# mechanic wanting to live in america



## kinggy999 (Jan 22, 2012)

im a 21 year old motor mechanic and want to live and work in america , just wondering if anybody knows the chances of this or good steps to take to achieve this ,any information would be great thank you


----------



## Davis1 (Feb 20, 2009)

kinggy999 said:


> im a 21 year old motor mechanic and want to live and work in america , just wondering if anybody knows the chances of this or good steps to take to achieve this ,any information would be great thank you


pretty much no chance at all ... a degree is pretty much a minimum requirement


----------



## Kathleen Kischer (Feb 1, 2012)

There is a lot of work in Canada for mechanics, have you considered moving to Alberta. The going rate for techs is $22.00EUR per hour


----------



## rachel100 (Jan 31, 2012)

*motor mechanic vacancy*

Hi,

We have an independent auto repair shop in Los Angeles, CA. We are currently looking for a mechanic skilled in repairing English cars. Other high line European car experience could be considered. 

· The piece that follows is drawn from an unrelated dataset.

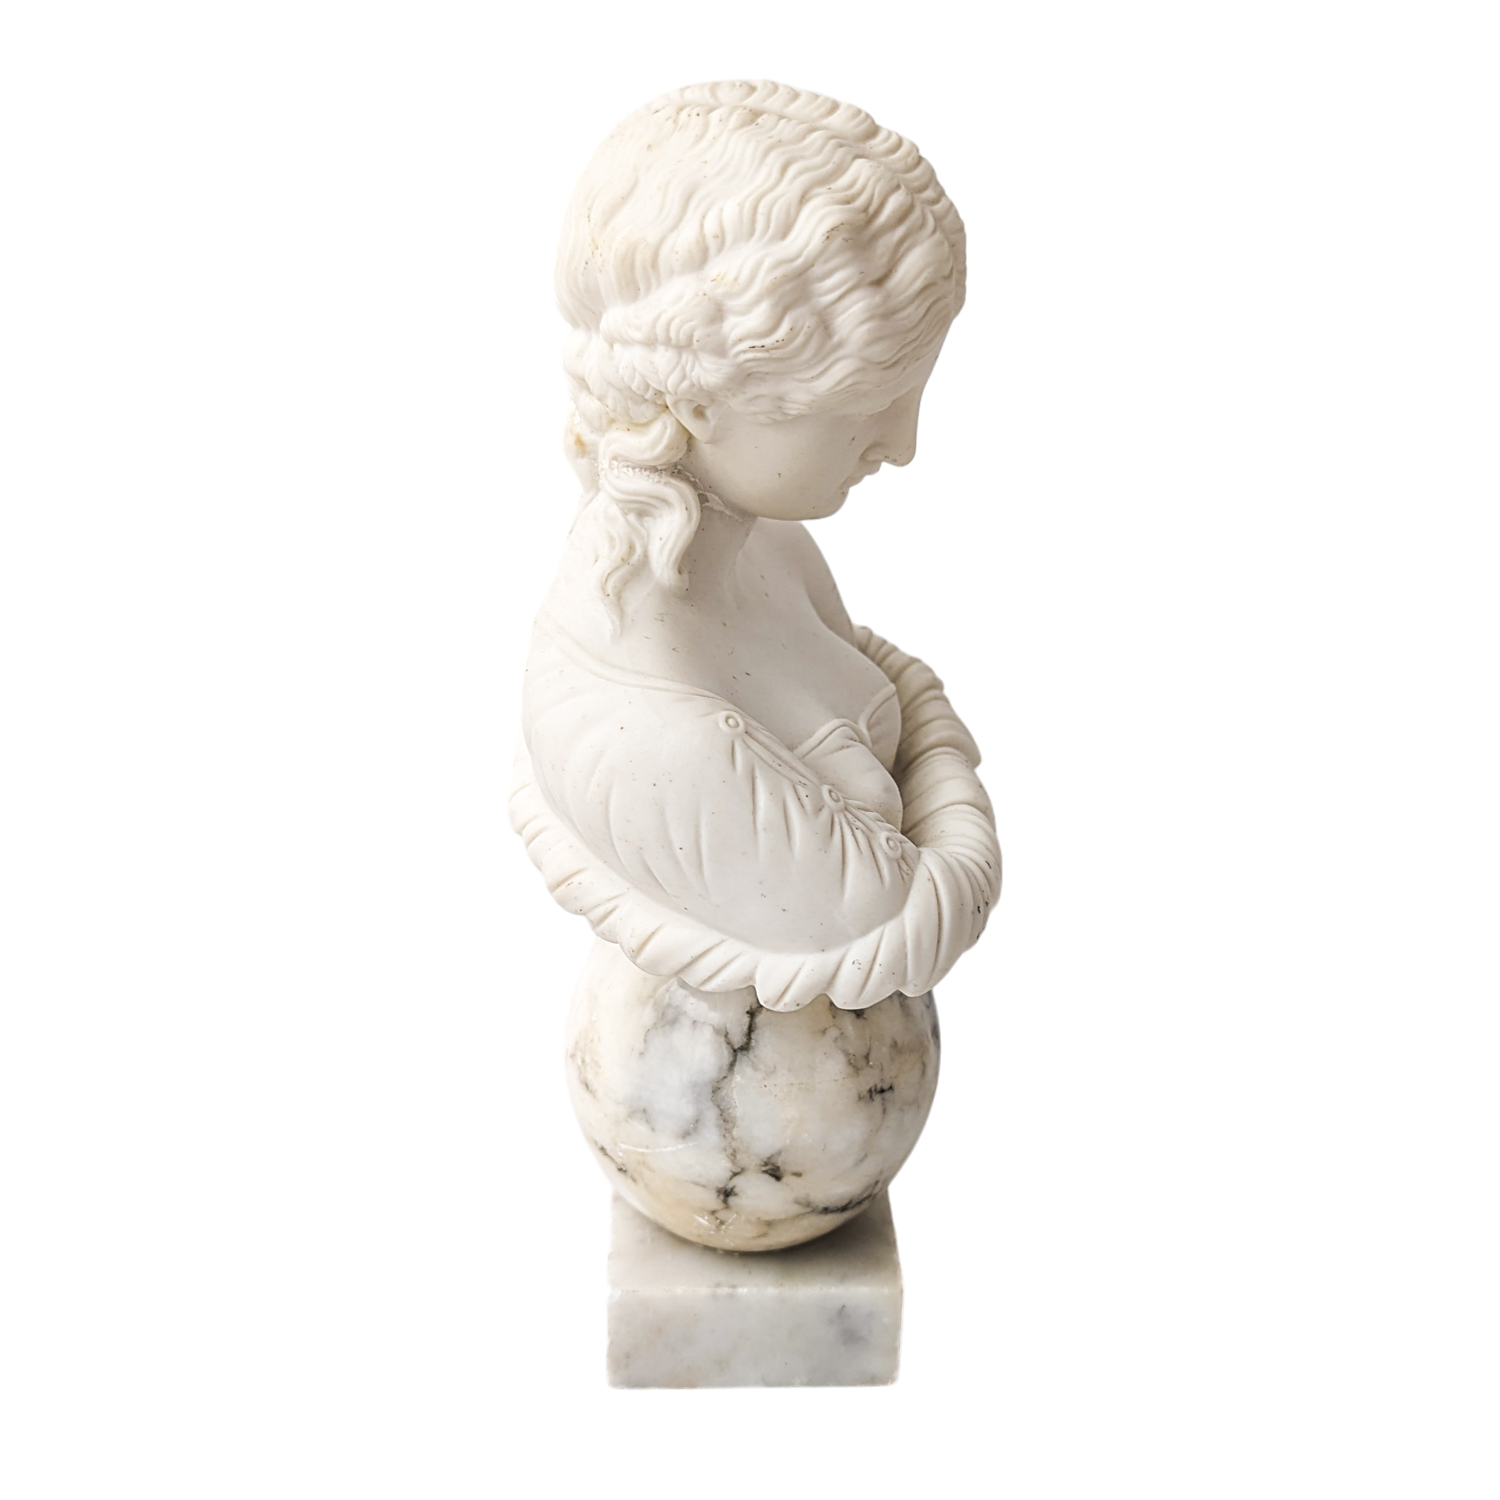 Vintage Parian Bust of Clytie the Water Nymph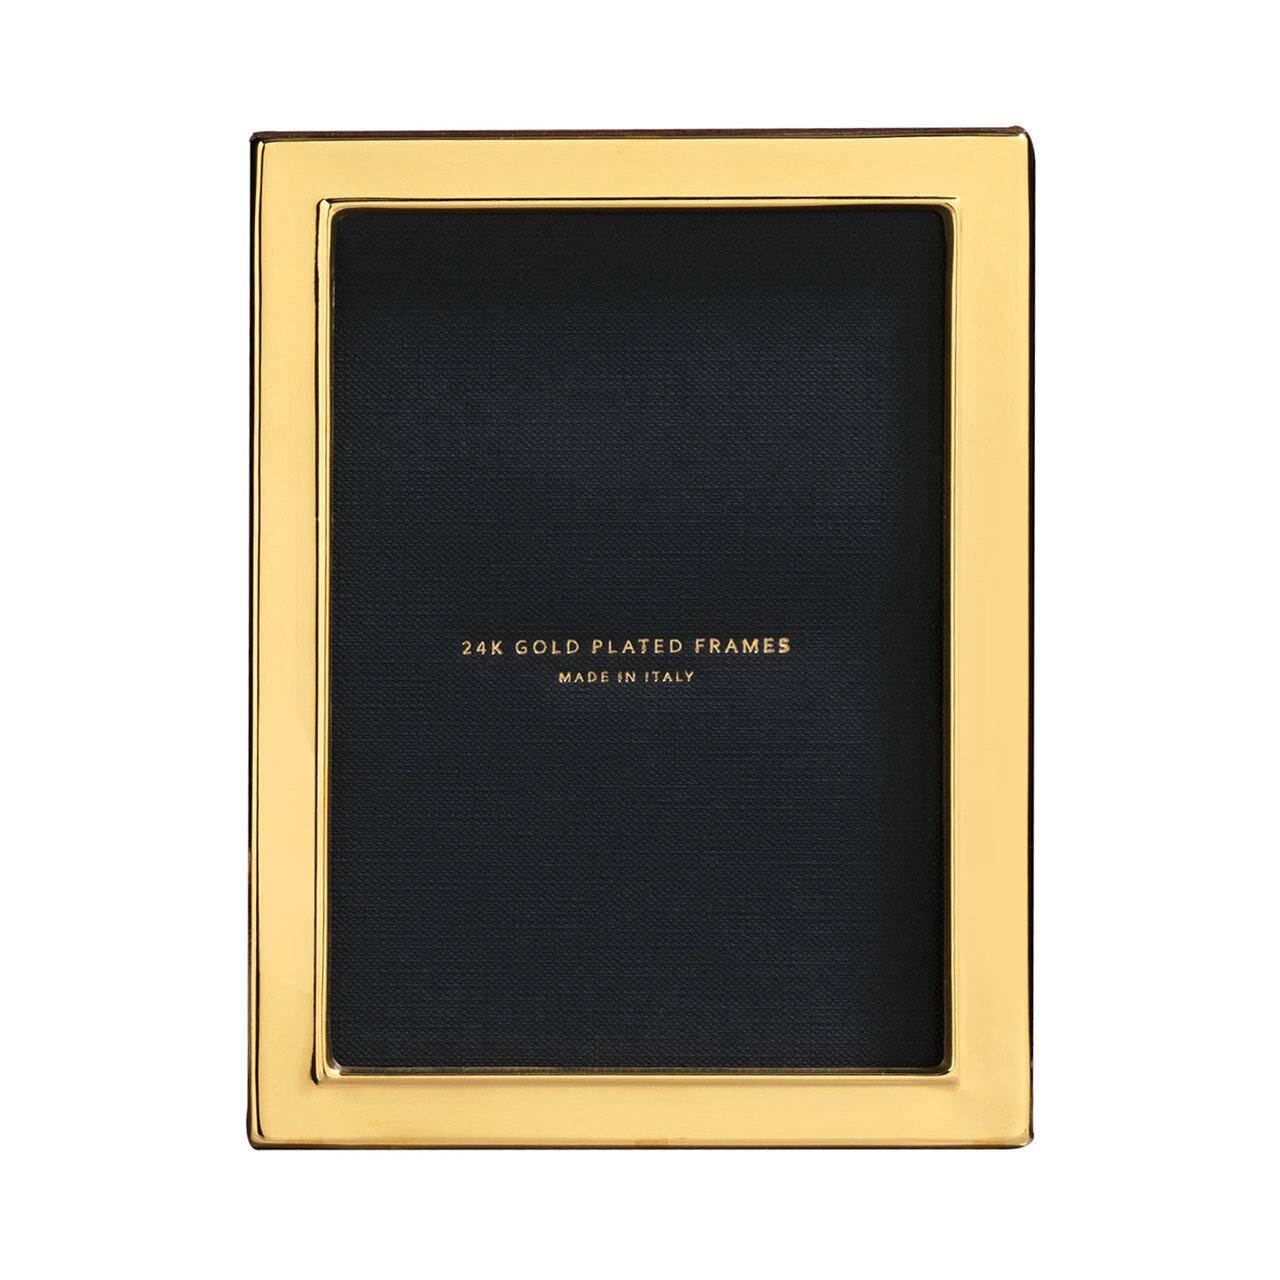 Cunill Plain 1/2 Inch Border 8 x 10 Inch Picture Frame - 24k Gold Plated 0.5 Microns

If you have previous experience and training, I would love to hear from you. We have been trying to find a qualified candidate for a number of months now. Since we are not having any luck, I am now expanding our search to the UK. Please message me if you are interested.

Thanks,
Rachel


----------



## kinggy999 (Jan 22, 2012)

hello and thank you for the reply rachel i would love to chat more do you have an email adress atall?


----------



## rachel100 (Jan 31, 2012)

*UK Mechanic*

Hi,

I can't send you a private message since I haven't posted enough here and it won't let me enter an e-mail or a website address for the same reason. I guess you can just do a search for British Eurotech in Lawndale, CA and then go to our website. There is a contact form on the website through which you can message me. 

I look forward to hearing from you.

Rachel


----------



## kinggy999 (Jan 22, 2012)

i couldnt find the private message but i googled searched on the information i had and found you and a email has been sent  thank you


----------



## SouthernComfort (Jun 12, 2012)

Hi, 
How did you get on with this?


----------



## kinggy999 (Jan 22, 2012)

i didnt mate , i put this up to try and get some tips on steps to take for when im on paper experienced enough to start the process , never thought id get a offer and when i did i went for it but never got a email back think its because im well under experianced but hey ho ill keep trying


----------



## SouthernComfort (Jun 12, 2012)

It did suprise me a little when the offer was made as from what I have read I didn't think mechanics qualified for a visa unless the fact it's british motors makes it more specialised and there wasn't an American that could do the job. 

Good luck for the future.


----------